**About this exercise**
Please give back each line of the material unchanged, but without the images.

**Dataset section**

▼

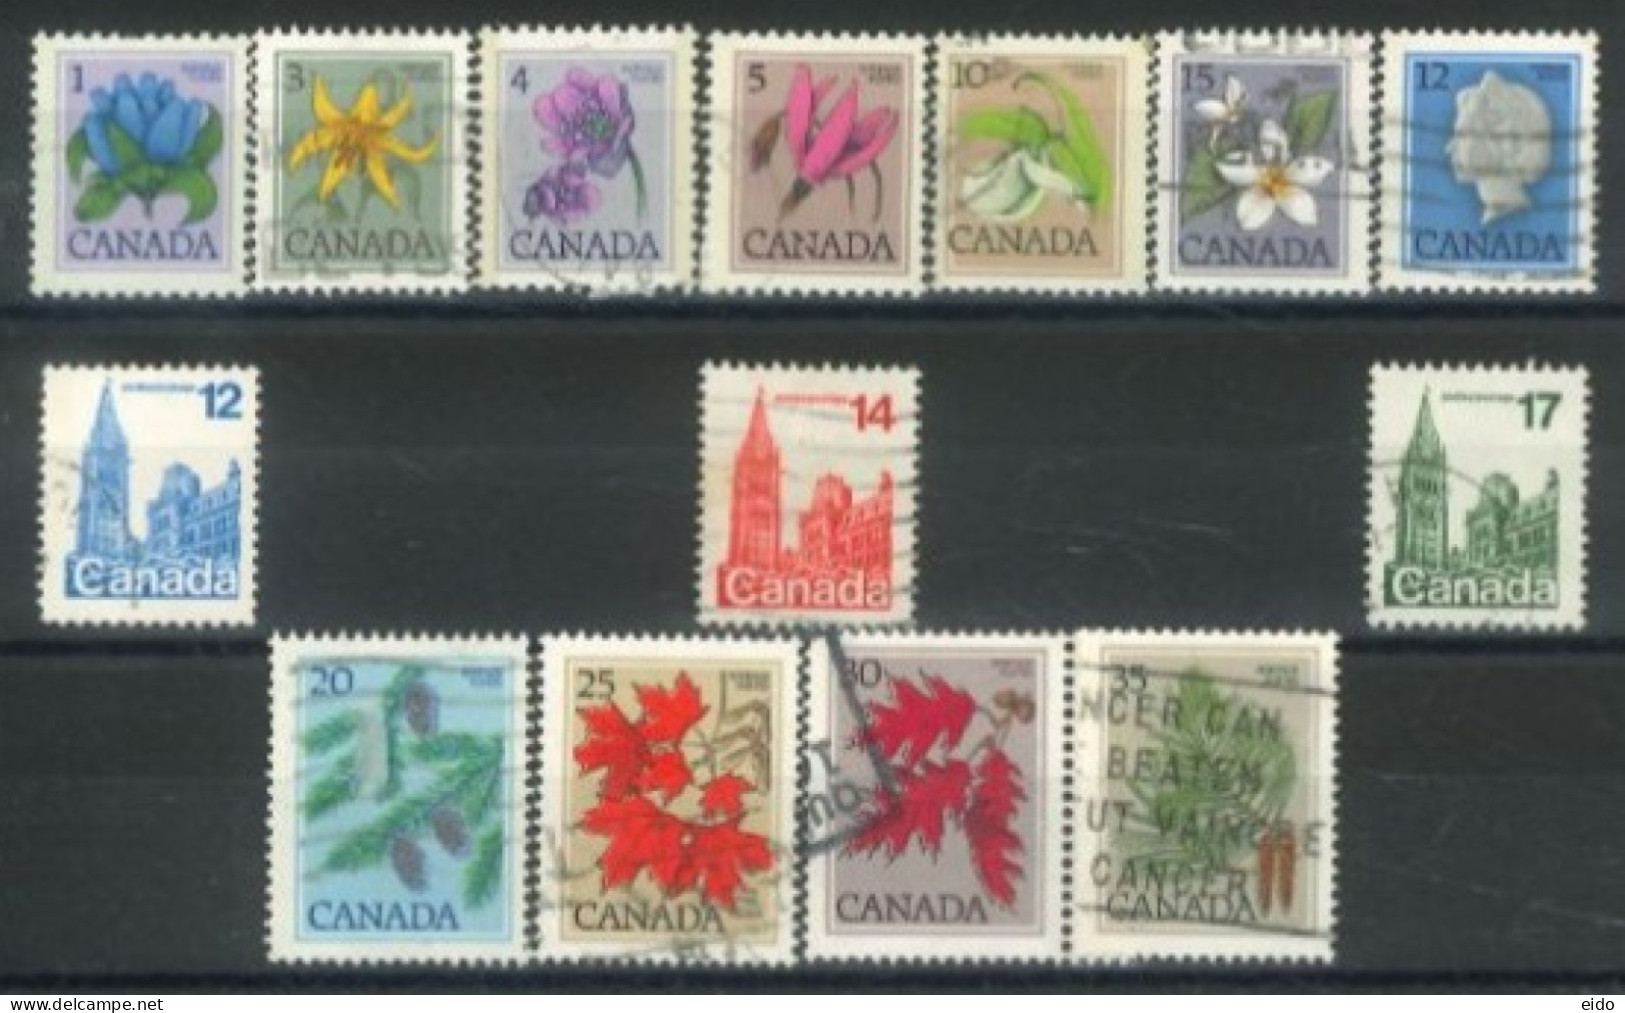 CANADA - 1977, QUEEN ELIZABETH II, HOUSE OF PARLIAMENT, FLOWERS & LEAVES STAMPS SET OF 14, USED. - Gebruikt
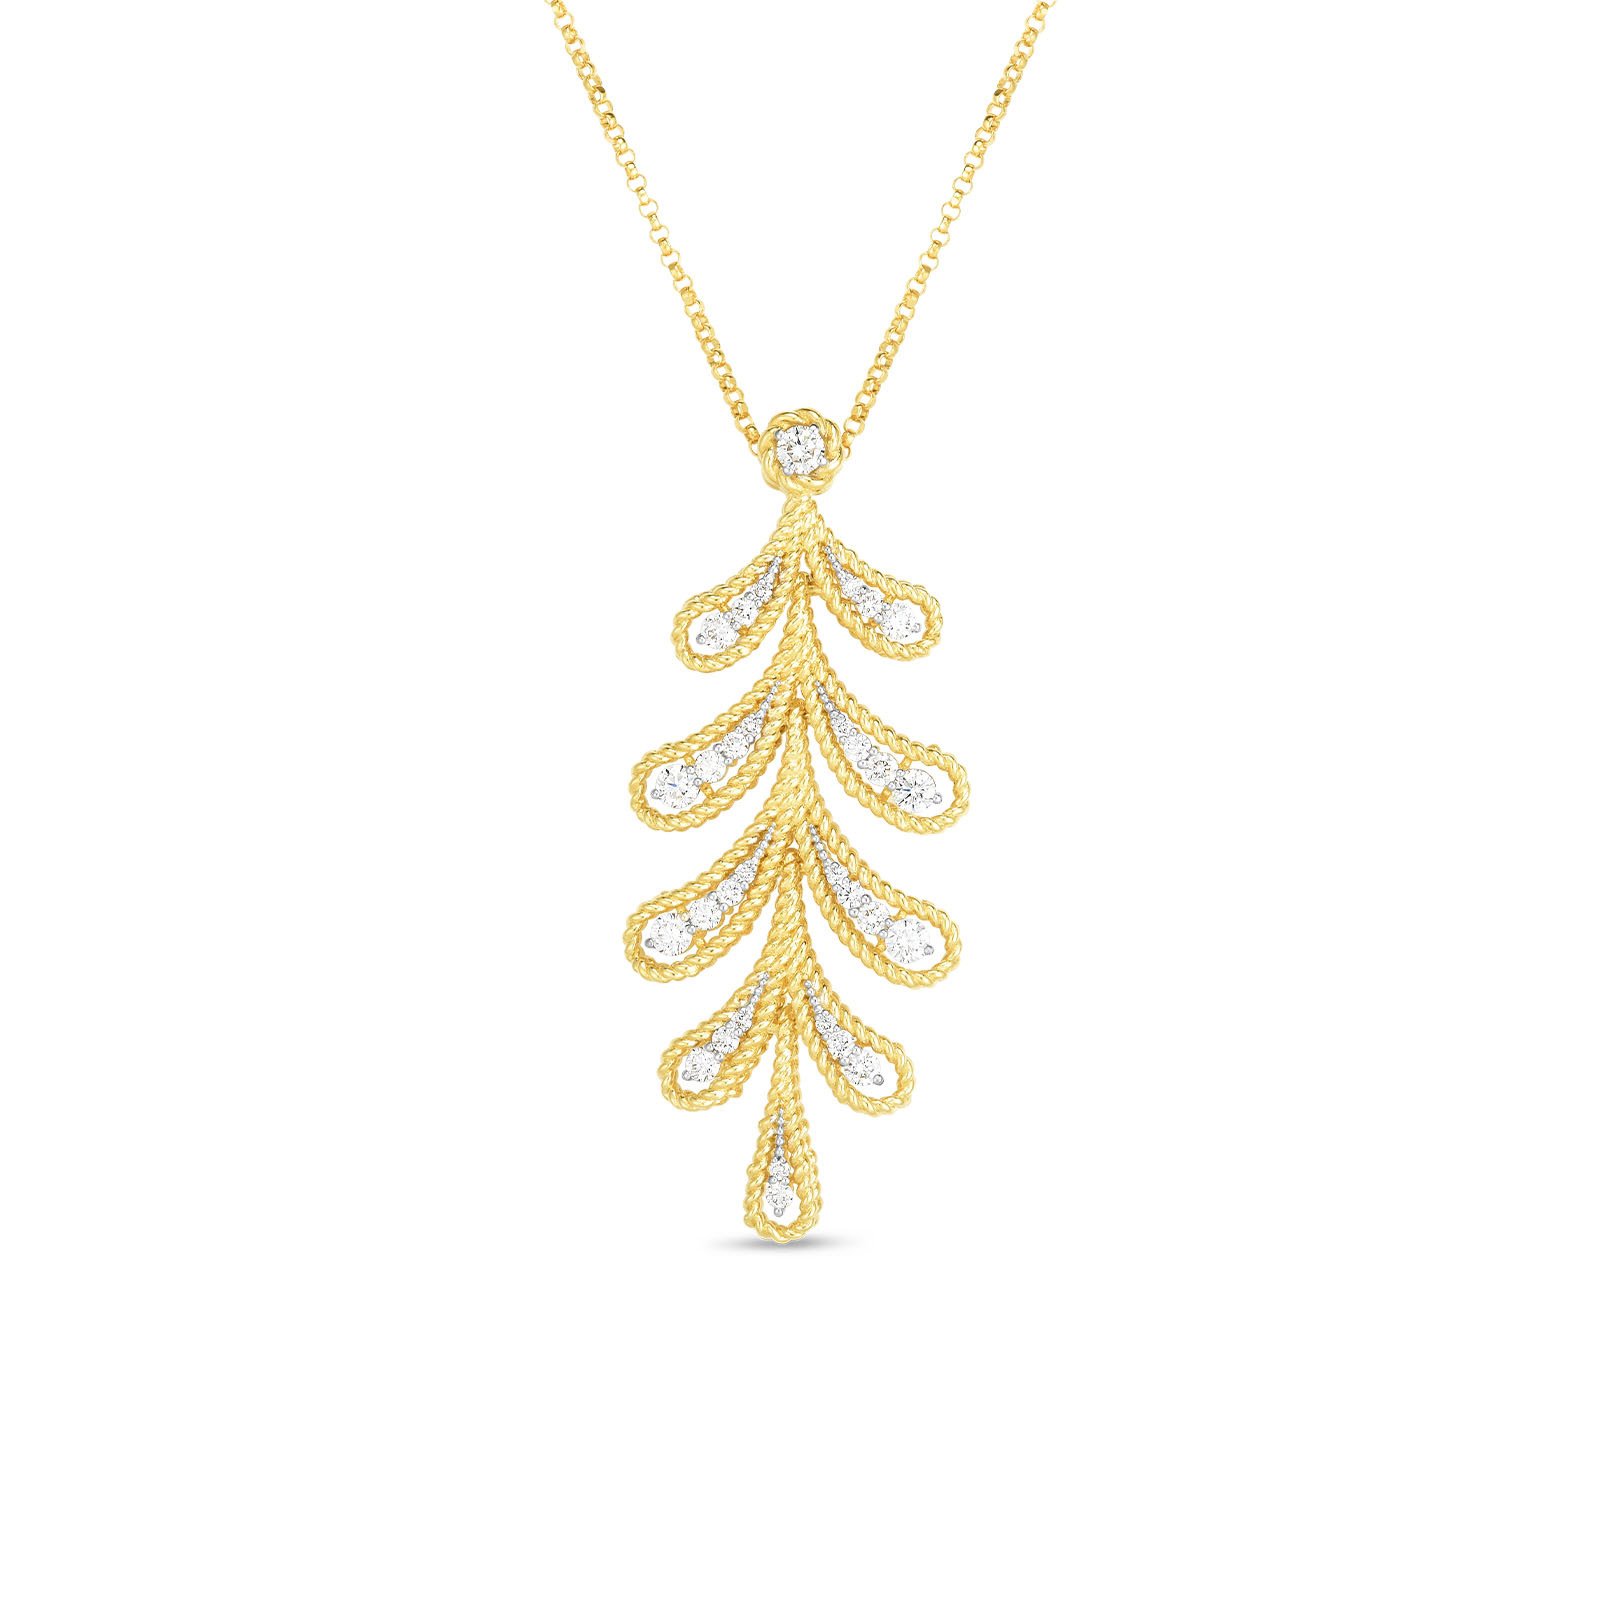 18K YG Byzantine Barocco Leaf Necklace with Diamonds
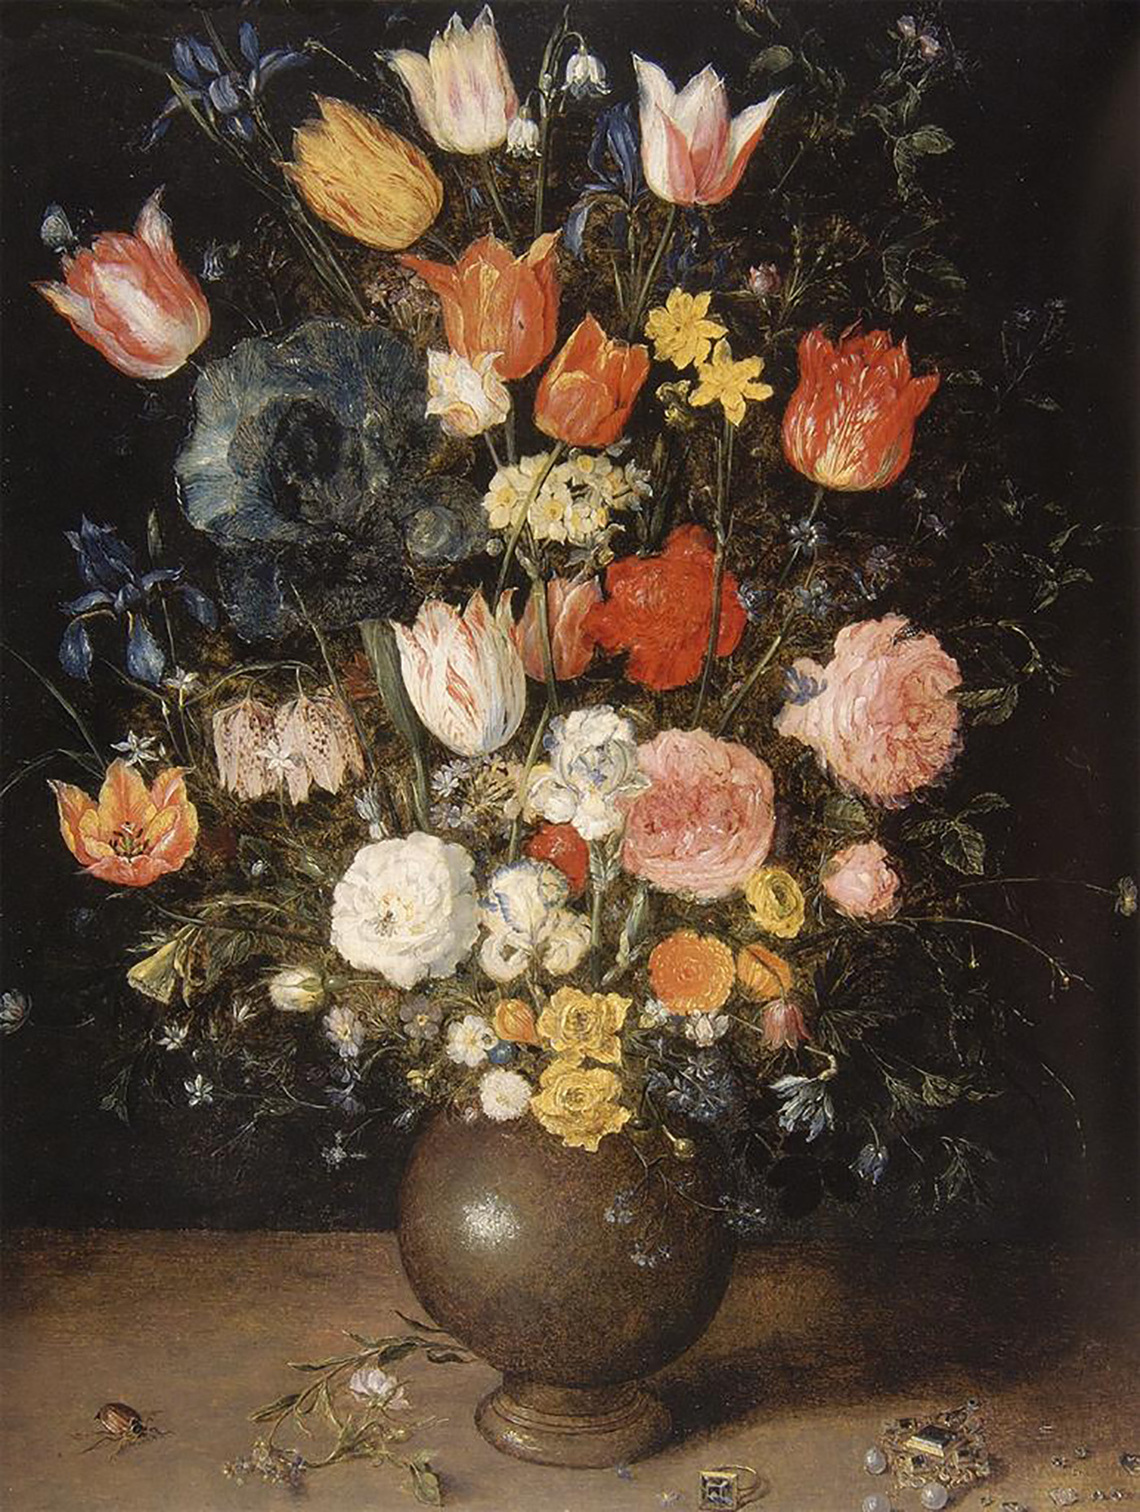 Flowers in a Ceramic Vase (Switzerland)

▲

**Solution for this exercise**
 CANADA - 1977, QUEEN ELIZABETH II, HOUSE OF PARLIAMENT, FLOWERS & LEAVES STAMPS SET OF 14, USED. - Gebruikt
 18K YG Byzantine Barocco Leaf Necklace with Diamonds
 Flowers in a Ceramic Vase (Switzerland)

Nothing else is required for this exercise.